How do you balance the value of being pushed by your leader versus the value of owning your own success?
Here’s my rule: If it’s about their current role or the next logical career step, I set clear expectations, hold them accountable and help them build the needed skills. But if it’s beyond that, like pivoting to marketing or IT, that’s their goal to own. My role with their goals becomes supportive, offering connections, advice, and occasional check-ins, but letting them take charge. This simple distinction has clarified for myself and my team what my role as their leader is.
A practical example: When I wanted an analyst to eventually own forecasting, we started by doing it together. I explained why I made certain decisions and how I thought about risk. I brought her into the meetings where we discussed the forecast and she saw the process from start to finish.
Eventually, she built forecasts while I still presented them and covered the questions, giving her a taste of the process, but clearly still owning it myself. Later, she presented parts of her forecast to the team, and finally, she fully owned the process: defending assumptions, answering questions and becoming the face of forecasting to the organization. This didn’t happen overnight; it took six to nine months. But it positioned her as a leader of the forecasting process, laying the foundation with leadership to consider her for future projects and promotions.
Creating the space and time for this investment isn’t easy, especially since the fires never stop in contact centers. What helped me was treating one-on-ones as a top priority. When they know your plate is overflowing and you still make time for them, it sends a clear signal that people are a priority to you, and more importantly, they are a priority.
The tension of stepping back
There’s always a temptation to jump back into tactical work. And sometimes, it really is the right move: if your team doesn’t yet have the skills to fix an urgent issue with serious consequences, stepping in can help. But it can’t be your default. Every time you do, you risk signaling to your team and your peers that you don’t trust your managers or analysts to handle it, and you can undermine their authority in the process.
Not everything needs to be done perfectly either. Some tasks truly are pass/fail, like payroll or client billing errors that can’t be tolerated. But others can have a passing grade, maybe a forecast lands at 85% accuracy instead of 90%. That creates room for your team to try, learn and improve without fear. Leaders who expect everything to be done exactly as they’d do it miss the point and miss the growth opportunity for their teams.
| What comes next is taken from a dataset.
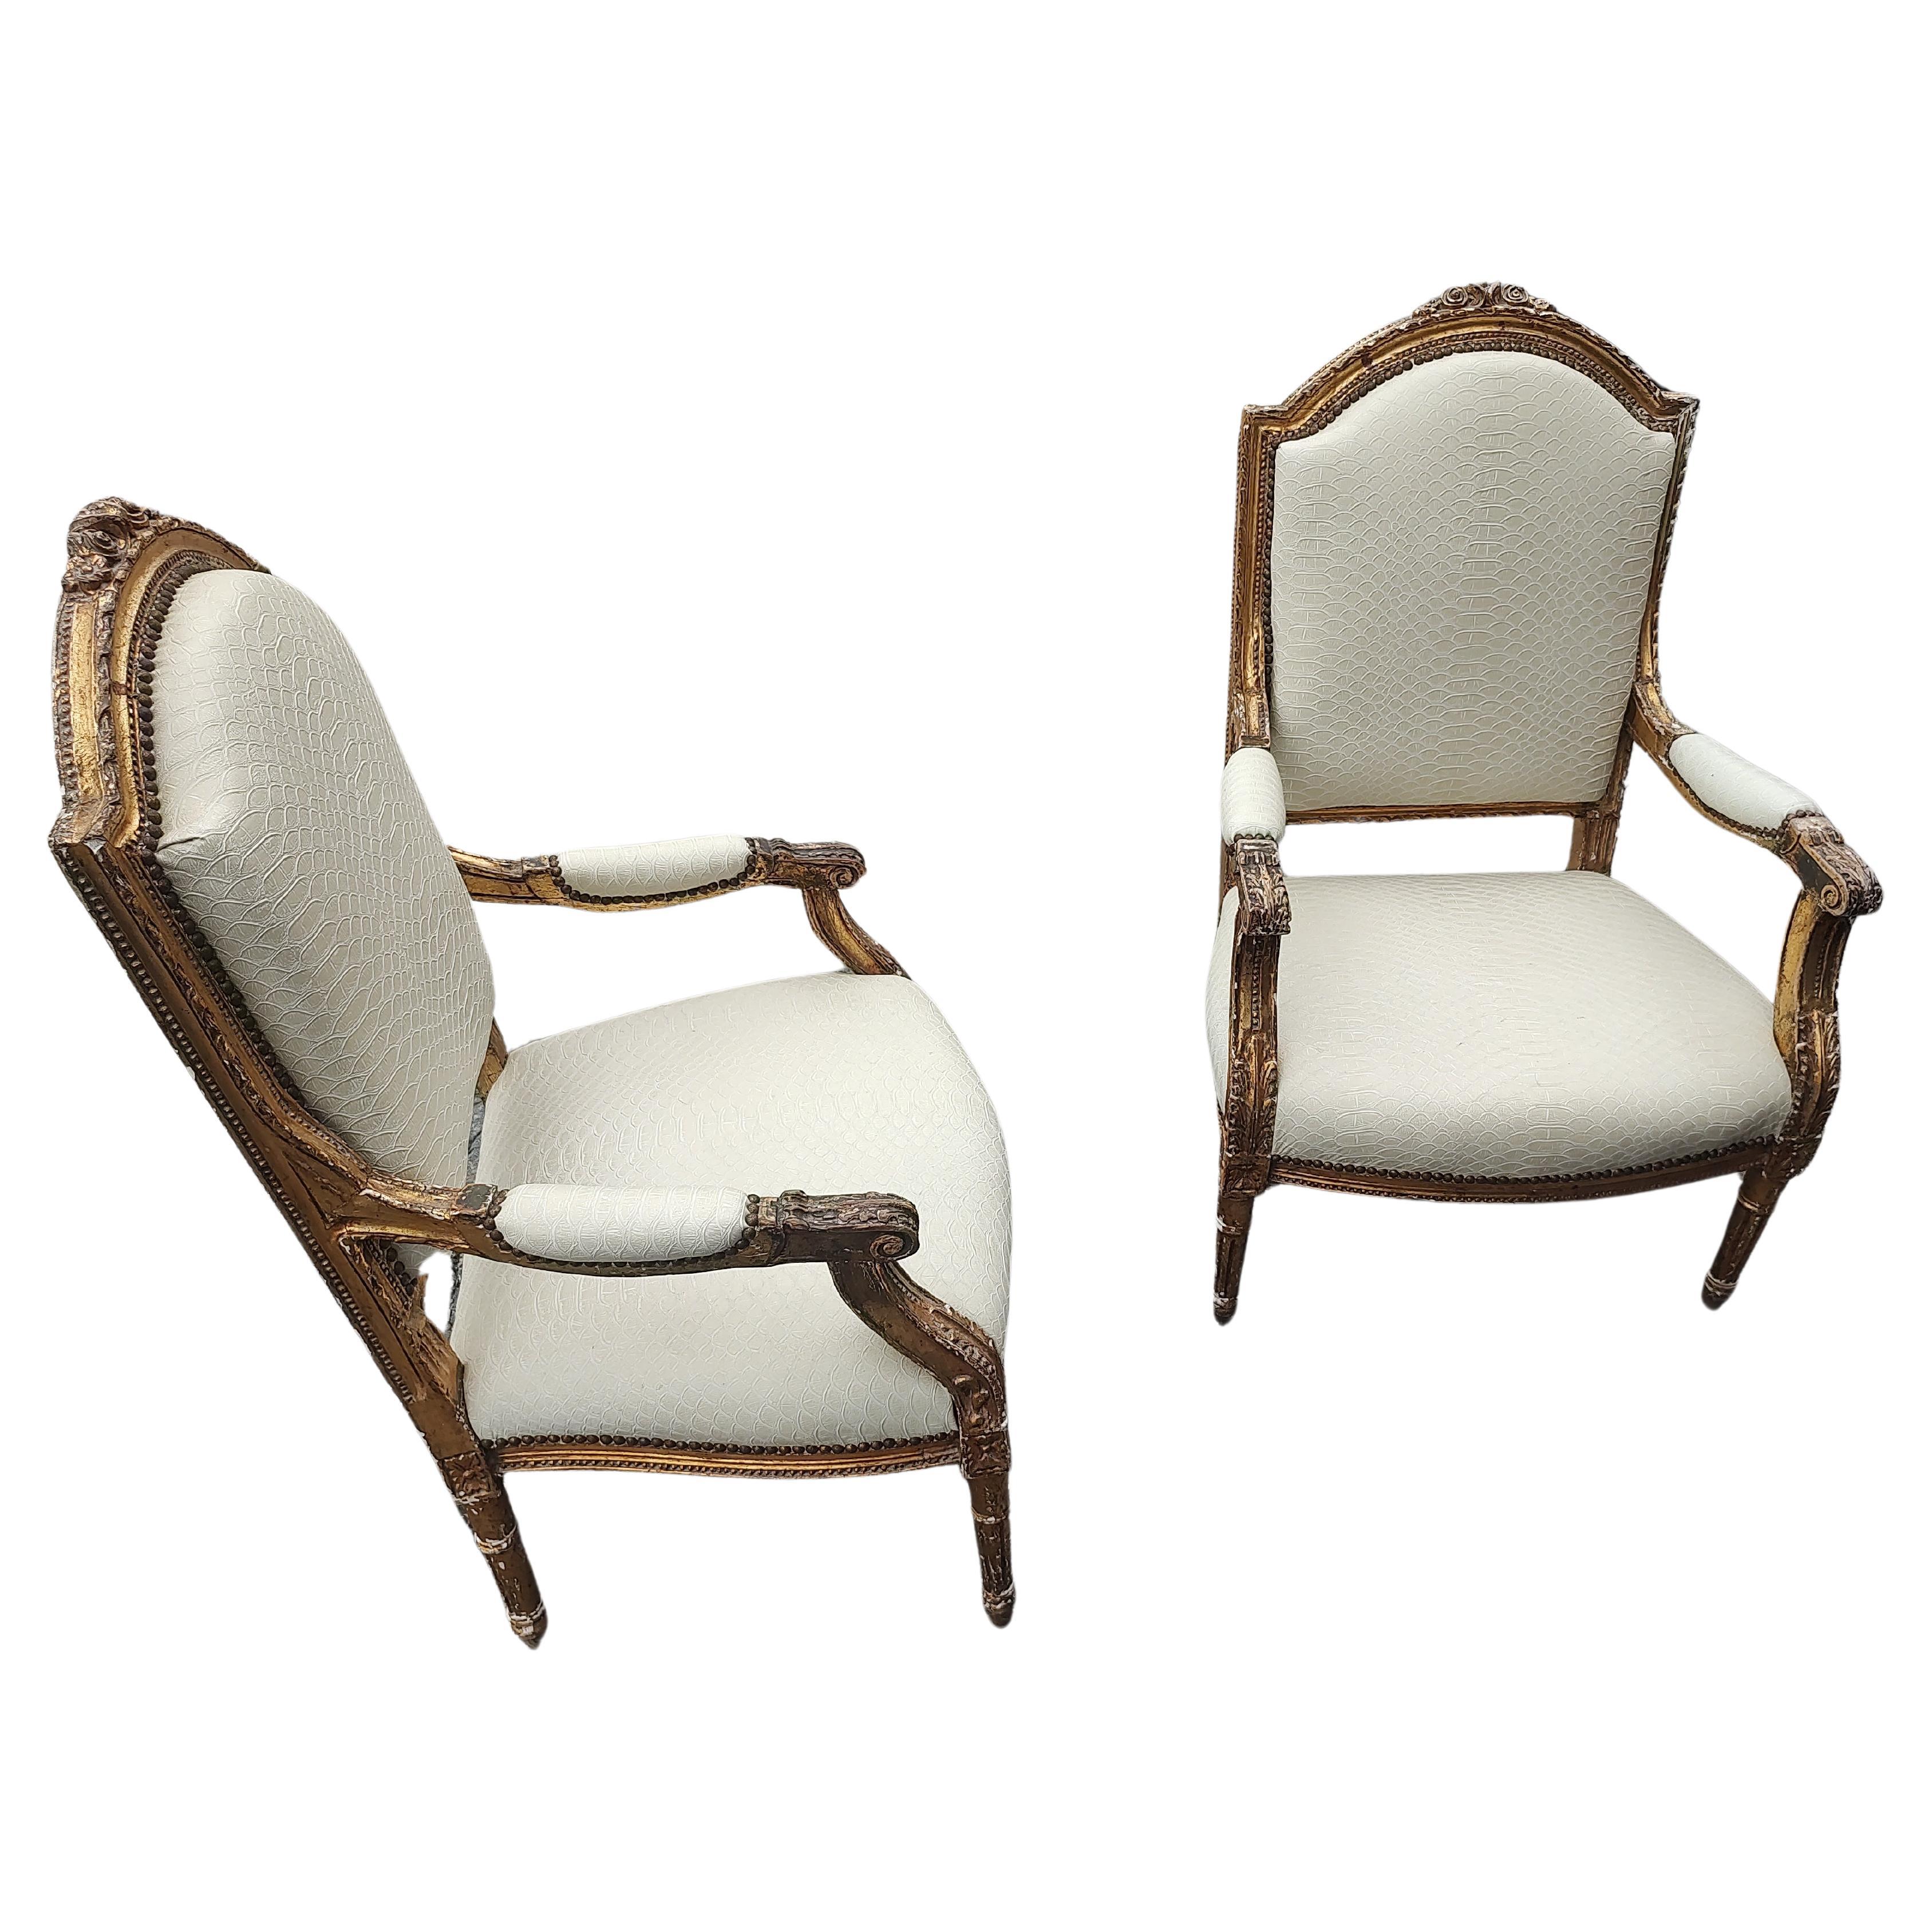 Pair of Mid 18th Century Gilt French Armchairs Fauteuils For Sale 4

The real work of WFM leadership
It took me years to realize that what makes you successful as an IC, speed, accuracy, volume, doesn’t translate to leadership. Leadership impact shows up in the confidence, growth and capability of your team. Filling your calendar with meetings might feel important, but what matters is whether you’re investing your time in people.
WFM leadership isn’t about being the best at building schedules or forecasting demand. It’s about building the people who can do those things, and often better than you could. It means stepping back from the work, stepping into the tension and remembering that behind every number are real people whose lives your decisions affect.
Your real job isn’t the work itself. It’s creating an environment where your team can thrive, grow and carry the work forward better than you ever could.